I phoned Tom at midnight on Saturday just because I thought it would be fun for him to hear what tornado sirens sound like. They’re loud. Really loud. A long continuous wail. The emergency alerts to cell phones are damn loud as well. And those were coming in with some frequency.
Was I worried? No. As I typically say, hey, this is not how I die. (If you’ve ever seen the movie Big Fish, you know what I mean.) So I pulled the couch away from the window a few feet and laid down with Mazie beside me. Even she, surprisingly, wasn’t scared. With my shades drawn, lightning created a strobe effect in my living room. Eventually the thunder caught up. And when it struck outside just outside my house, both Mazie and I jumped. I moved to my bed. The sirens and the storm continued for two hours. Not bad. Or so I thought.
Dawn showed another story. Tree limbs had fallen on my house and power line in the backyard and wind had knocked over part of my fence. Limbs and leaves littered yards up and down the street. The real damage I didn’t see until I took Mazie for a walk.
Midtown Tulsa, where I live, was hit the hardest. 165,000 customers were without service and 700 poles were down. Gas stations and grocery stores were closed, and every intersection had become a four-way stop. For many folks, Father’s Day was spent wielding power saws, assessing damage, and moving fallen trees. Except for those trees that couldn’t be moved.
Yet again, as I have so many times in my life, I was grateful to have housing. Grateful that the damage was not worse. Grateful that I had a roof over my head and running water. So many people didn’t. So many people don’t.
What happens to those without homes, without shelter? If a storm can uproot trees and sidewalks, just imagine what it can do to a person.
I’m thinking about this a lot. I drive by a highway off ramp where a tree is uprooted and horizontal and next to it is a shopping cart - the obvious artifacts of an unhoused person. What happened to that person on Saturday night? Is that person alright?
On Monday, I helped a new friend move the last of her stuff into an apartment. This friend had actually been living in her car for a few months. At least, until I left for Idaho in May and she hunkered down in my tiny apartment. Safe, she said, she finally felt safe. And on the day I was returning, amazingly (by the grace of God, or you may say some good fortune), she found an apartment – half of a duplex. Not only one that she could afford, but one that feels magical and warm, complete with fantastic neighbors.
How does it happen that a healthy, working, college graduate ends up in their car? This friend isn’t the first I’ve known to have this happened. Joan DeMartin, who writes Crime and Punishment: Why the Poor Stay Poor in America, covers some of the causes in her essays. One in particular worth reading is “Medical Debt is Crushing Millions of Americans”.
For this friend, however, in addition to being underpaid while juggling school loans and a car payment, she left an abusive relationship and found shelter on a friend’s couch. A few months later, she and that friend got their own place together, signing a year lease. It wasn’t long, unfortunately, before the friend fell into a relationship with a guy who wiggled his way into their apartment, began doing drugs, and became violent. For her safety, she began sleeping in her car. Unable to get out of the lease, at least her friend took over the full rent. But she couldn’t use the property managers as referrals, and she needed to save money for another down payment. The cycle is viscous and very difficult to escape.

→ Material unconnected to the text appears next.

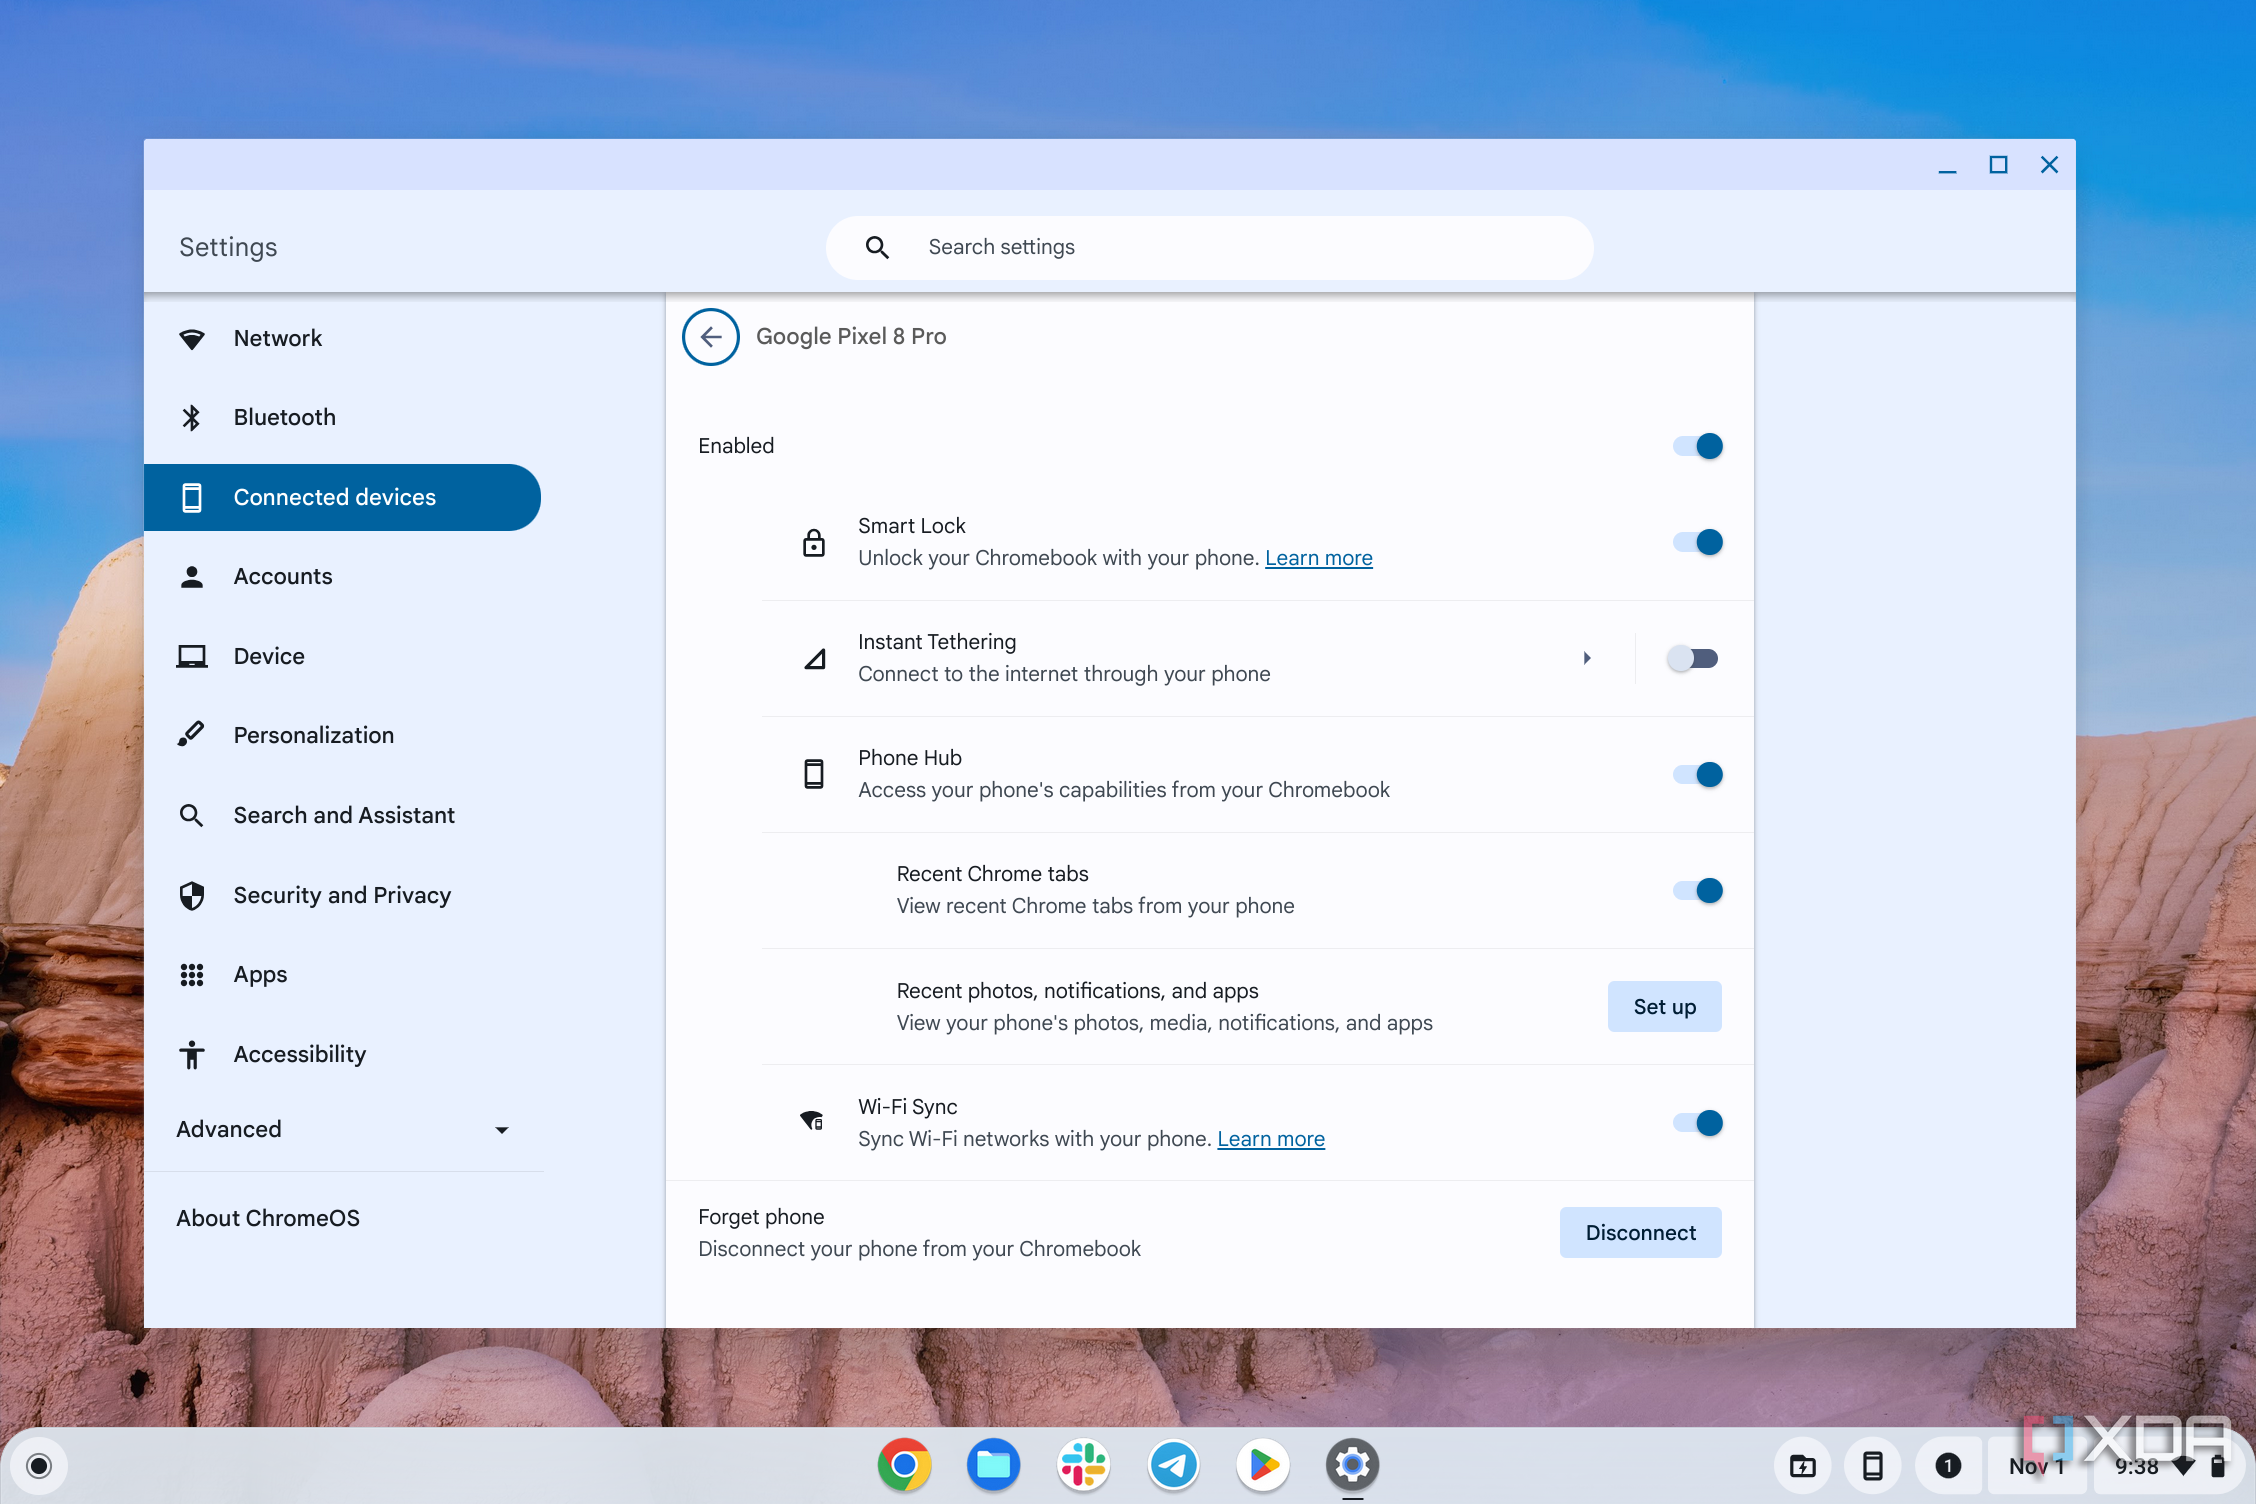 Android phone features on ChromeOS

As we moved the last of her stuff into her new place, even with the electricity off and the air suffocatingly warm, I kept thanking God she hadn’t been sleeping in her car when the storm hit.
But by the Grace of God, a miracle, or some good fortune… that could be me.
It could be you.
As I was preparing to post, I got word that power was back on in my neighborhood - two days earlier than expected. Three trash bags later, my refrigerator and freezer are clean. The waste of spoiled food and condiments is significant, as is the cost. But I’m home again and immensely grateful.
I want to thank my friends, John and Pete, for generously inviting me and Mazie to stay with them while our power was off. As The Beatles sang decades ago, [we] get by with a little help from our friends.
As I finish writing this, I see a report that a tornado touched down in a small Texas town, killing four. We need to be paying more attention to these disasters than to a few folks who paid a quarter of a million dollars to sightsee the sunken Titanic. How do we respond when real tragedy strikes? How do we help others?
Have you been affected by a natural disaster? How did you get through it and recover?
wow! Glad you are safe.
Glad you and Mazzie are OK. The homelessness thing is a big deal. The large scale study they just released in California is interesting, about causes. And I agree, the cost of medical care is outrageous. The book “Evicted: Poverty and Profit in the American City” is interesting too. The cost of rents and housing is too high. As a landlord I routinely rent my properties for under market value. My dad did the same thing. And the cost of housing is going up. It is crushing people. It feels like greedflation.